The traffic lights at three different road crossings change after every 48 sec, 72 sec, and 108 sec respectively. If they all change simultaneously at 8:20:00hours, then at what time will they change again simultaneously?
okay seriously how would someone even guess we have to do this by LCM GCD method ?
It seems you need some help in understanding how $\,\rm lcm\,$ plays a role in such problems. Let's count time in seconds, relative to the starting time 8:20 when they all changed. Then light $\#1$ changes every $48$ seconds, i.e. at times $48n = 48, 96,\ldots =$ all multiples of $48,\,$ which are listed in the first row in the table below. $ $ Similarly for lights $\#2$ and $\#3$ in the $2$nd and $3$rd rows.
$$\begin{array}{|r|r|rrrrrrrr|} \hline \#1 & 48n & 48 \!&\! \!&\! 96 \!&\! \!&\! \color{#c00}{144} \!&\! 192 \!&\! \!&\! 240 \!&\! \color{#c00}{288} \!&\! \!&\! 336 \!&\! \!&\! 384 \!&\! \color{#0a0}{432} \!&\! \ldots\, \\ \hline \#2 & 72n & \!&\! 72 \!&\! \!&\! \!&\! \color{#c00}{144} \!&\! \!&\! \color{#c00}{216} \!&\! \!&\! \color{#c00}{288} \!&\! \!&\! \!&\! 360 \!&\! \!&\! \color{#0a0}{432} \!&\! \ldots\,\\ \hline \#3 & 108n \!&\! \!&\! \!&\! \!&\! 108 \!&\! \!&\! \!&\! \color{#c00}{216} \!&\! \!&\! \!&\! 324 \!&\! \!&\! \!&\! \!&\! \color{#0a0}{432} \!&\! \ldots\,\\ \hline \end{array}$$
The times when $2$ of $3$ lights change are shown in $\rm\color{#c00}{red},$ and $\rm\color{#0a0}{green}$ shows the time when all $3$ change.
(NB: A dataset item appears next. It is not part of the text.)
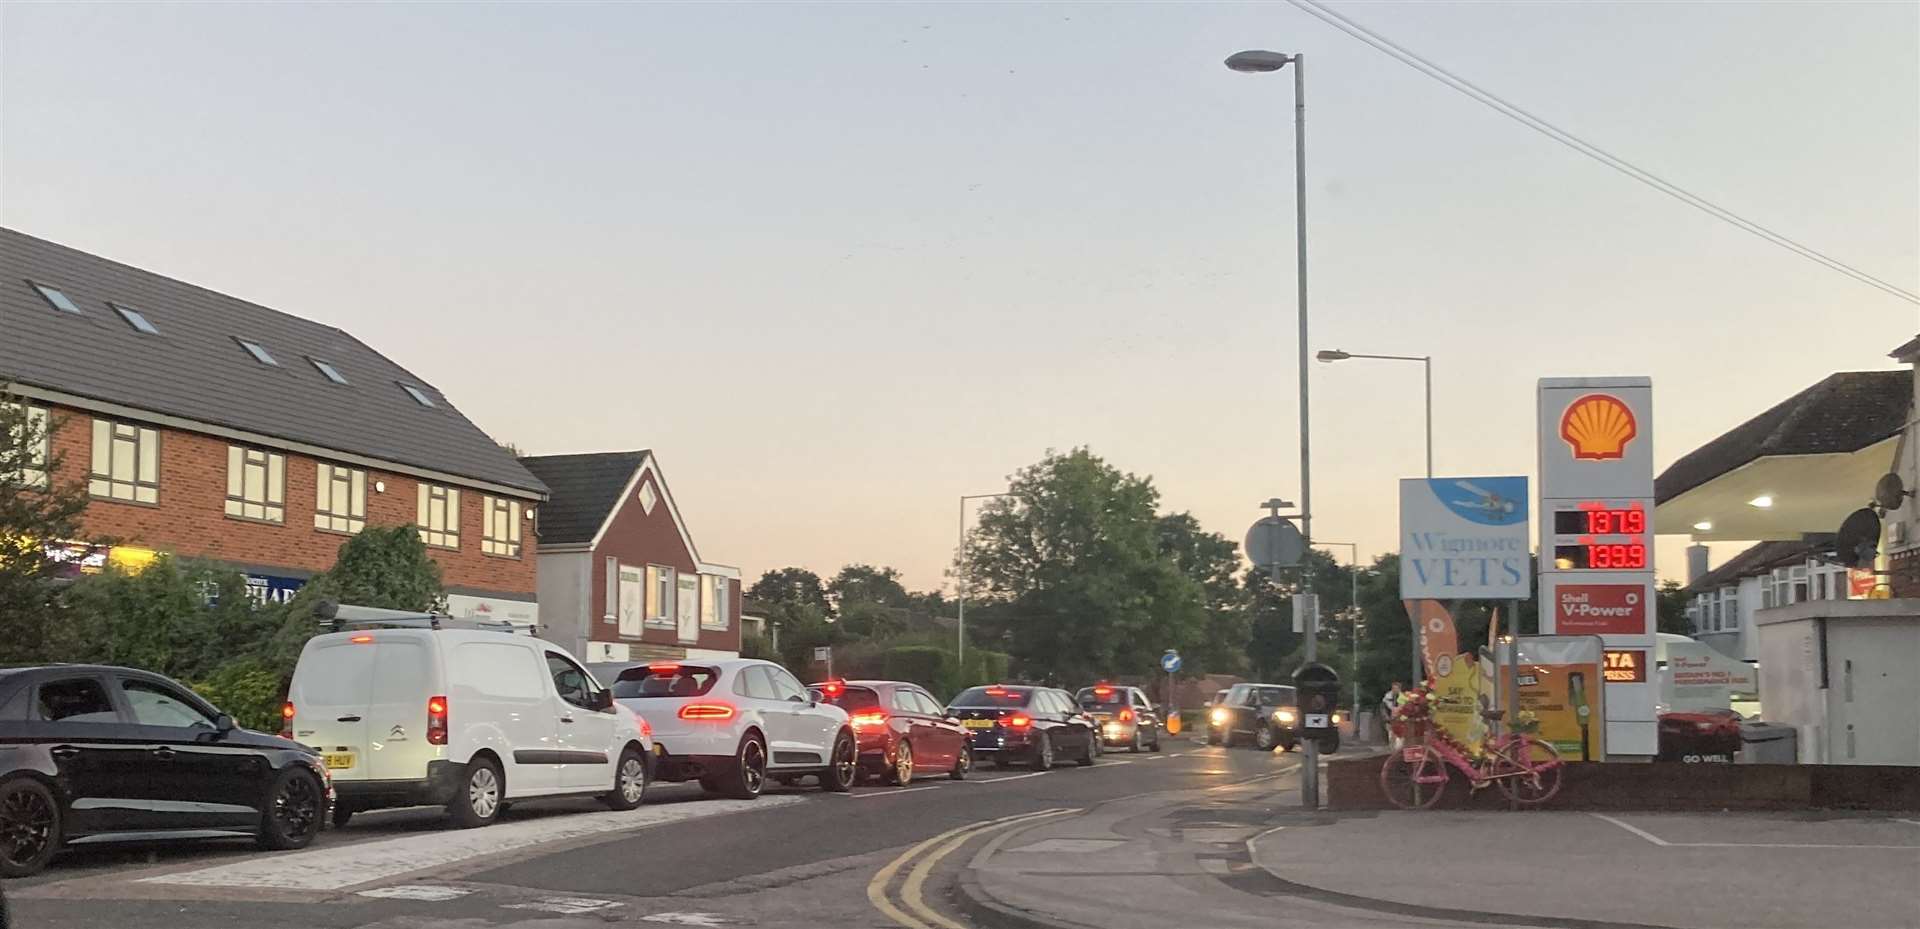 Queuing traffic waiting to access a petrol station in Wigmore, near Rainham

By construction, the number $\color{#0a0}{432}$ is a common multiple of $48, 72,108.\,$ Since no prior common multiple of all three occurs, it is their least common multiple $(\rm lcm).$
Recall, as I explained in your prior question, the $\rm lcm$ is characterized by the universal property
$${ 48,72,108\mid m\iff \overbrace{{\rm lcm}(48,72,108)}^{\large \color{#0a0}{432}}\mid m}$$
This says that the times $m$ when all $3$ change $ $ (i.e. when $m$ is a common multiple of $48,72,108),\,$ are equivalent to the times when $m$ is a multiple of their $\,{\rm lcm} = \color{#0a0}{432}.\,$ Interpreted in terms of the above table, this is true because the displayed pattern repeats if we consider the times $\!\!\pmod{\!\color{#0a0}{432}}$
here's an expansion on lulu's writing:
this took me very much more time than before bill's first comment to work out by mind when at least with computer I can compute the final time fairly fast with LCM so maybe they'd think to use it because it took them so much time otherwise.
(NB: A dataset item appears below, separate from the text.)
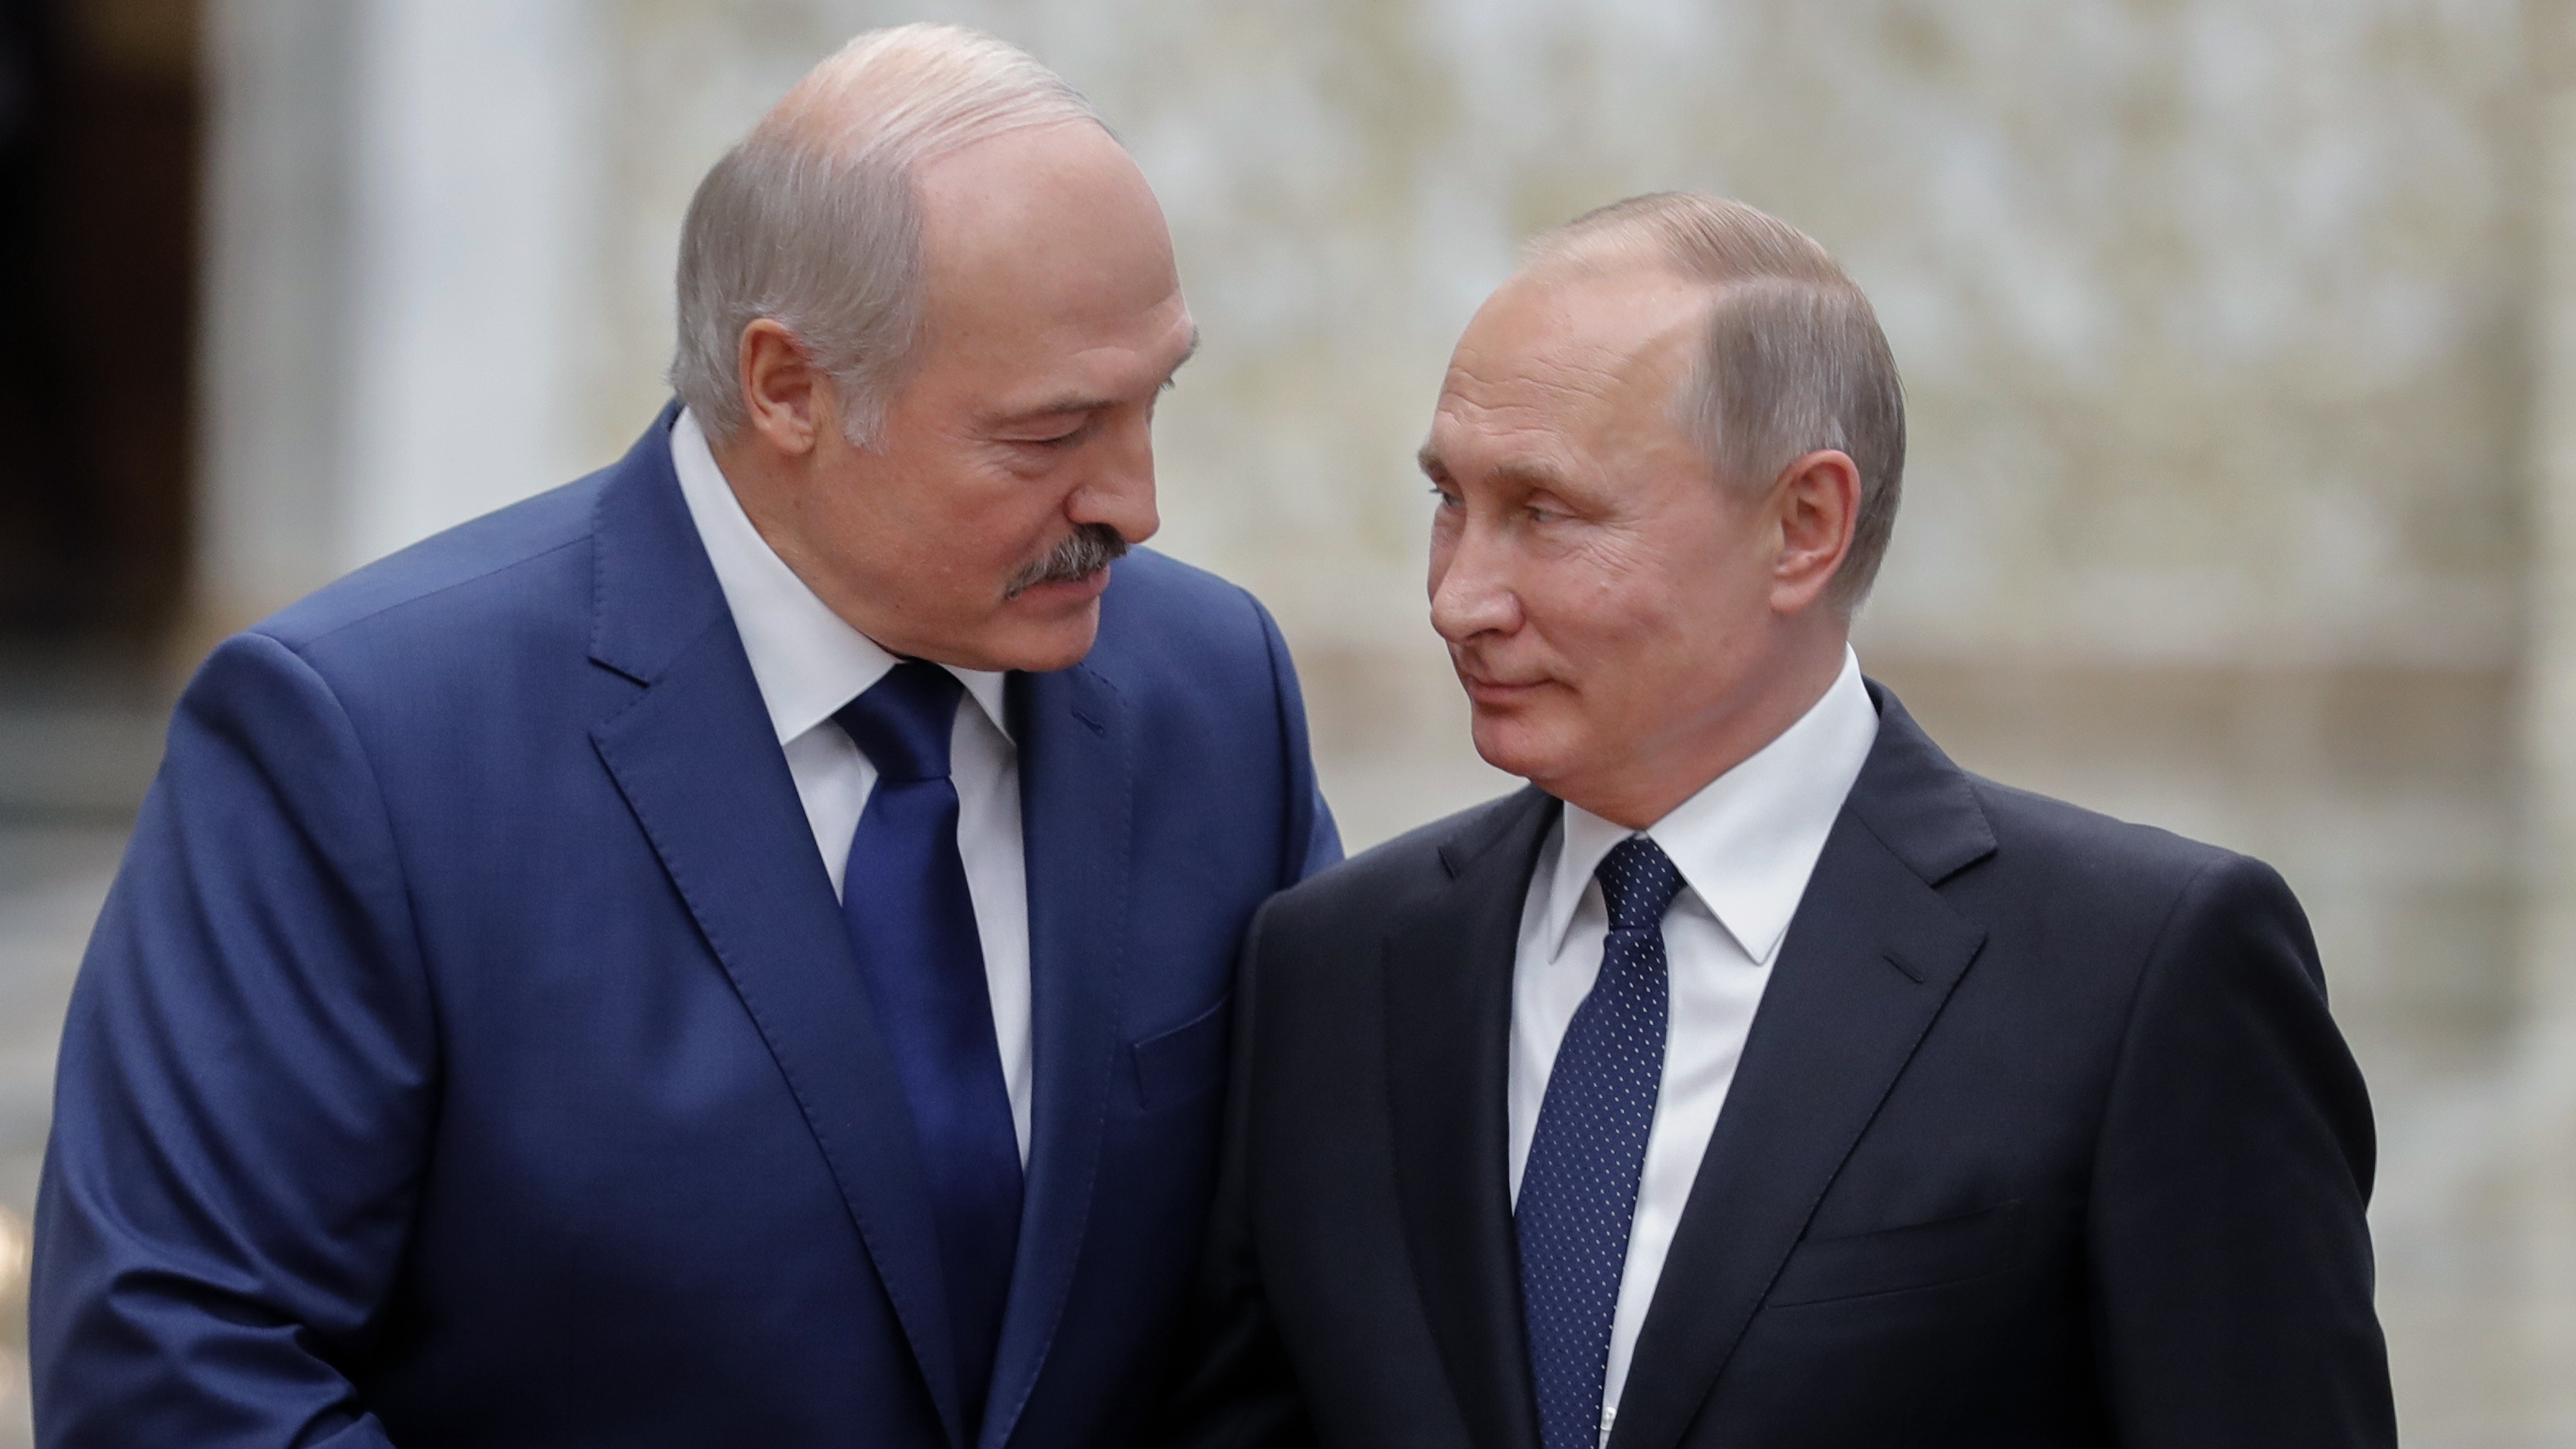 Alexander Lukashenko welcomes Vladimir Putin prior to a Collective Security Treaty Organisation summit in 2017

"okay seriously how would someone even guess we have to do this by LCM GCD method ?"
If the first light blinks ever $48$ seconds then any time it blinks will be at a mmultiple of $48$. So the answer when the all blink will have to be a multiple of $48$ because those are the only times the first one blinks.
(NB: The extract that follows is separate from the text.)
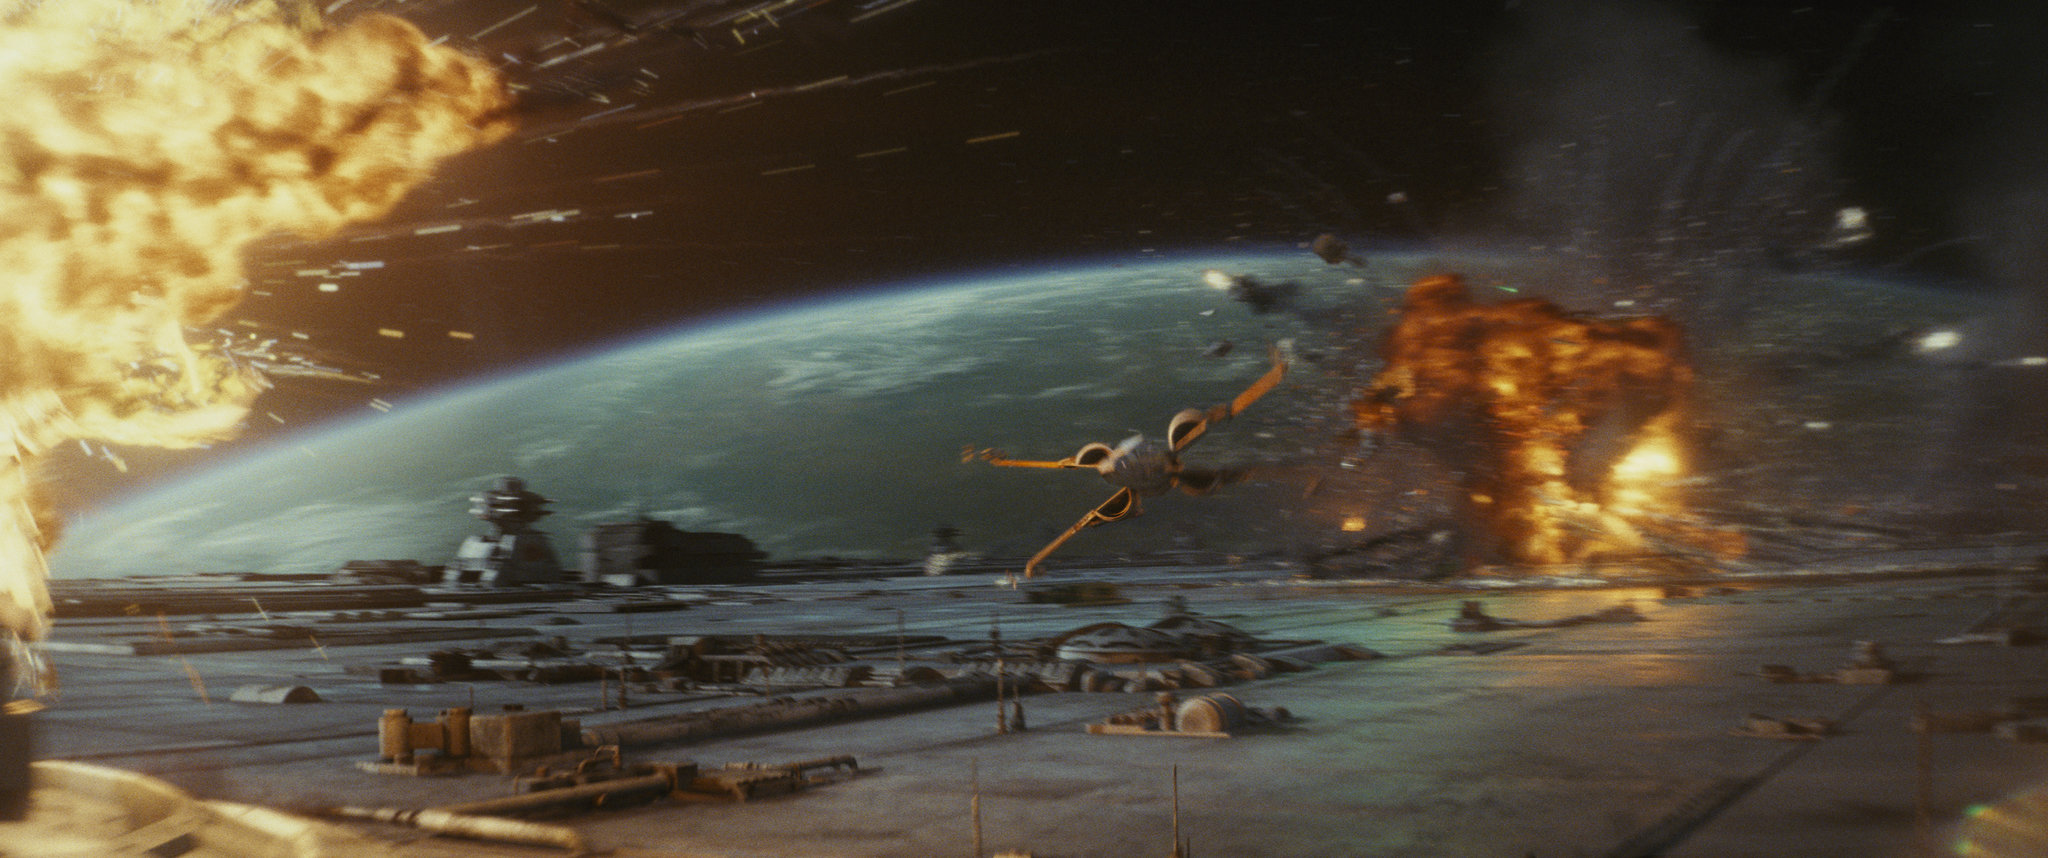 Звёздные войны: Последние джедаи, кадр № 46

The second only blinks at a multiple of $72$ seconds. So the answer has to be a common multiple of both $48$ and $72$.
And so on. The answer has to be a common multiple of all $48$, $72$, and $108$. What is a common multiple of $48$, $72$, and $108$.
Well... notice the first light will blink at: $48, 96, 144, 192, 240, 288, 336, 384, 432, 480,......$
The second light at: $72, 144, 216, 288, 360, 432, 504, 576, 648, 720 ....$
The third at: $108, 216, 324, 432, 540, 648, 756, 864, 972, 1080 ....$
What number do they all have in common? Well.... I can see it is $432$.
Dang. That was tedious. Maybe there is an easier way to figure out what is the least common mulitple of $48, 72$ and $108$.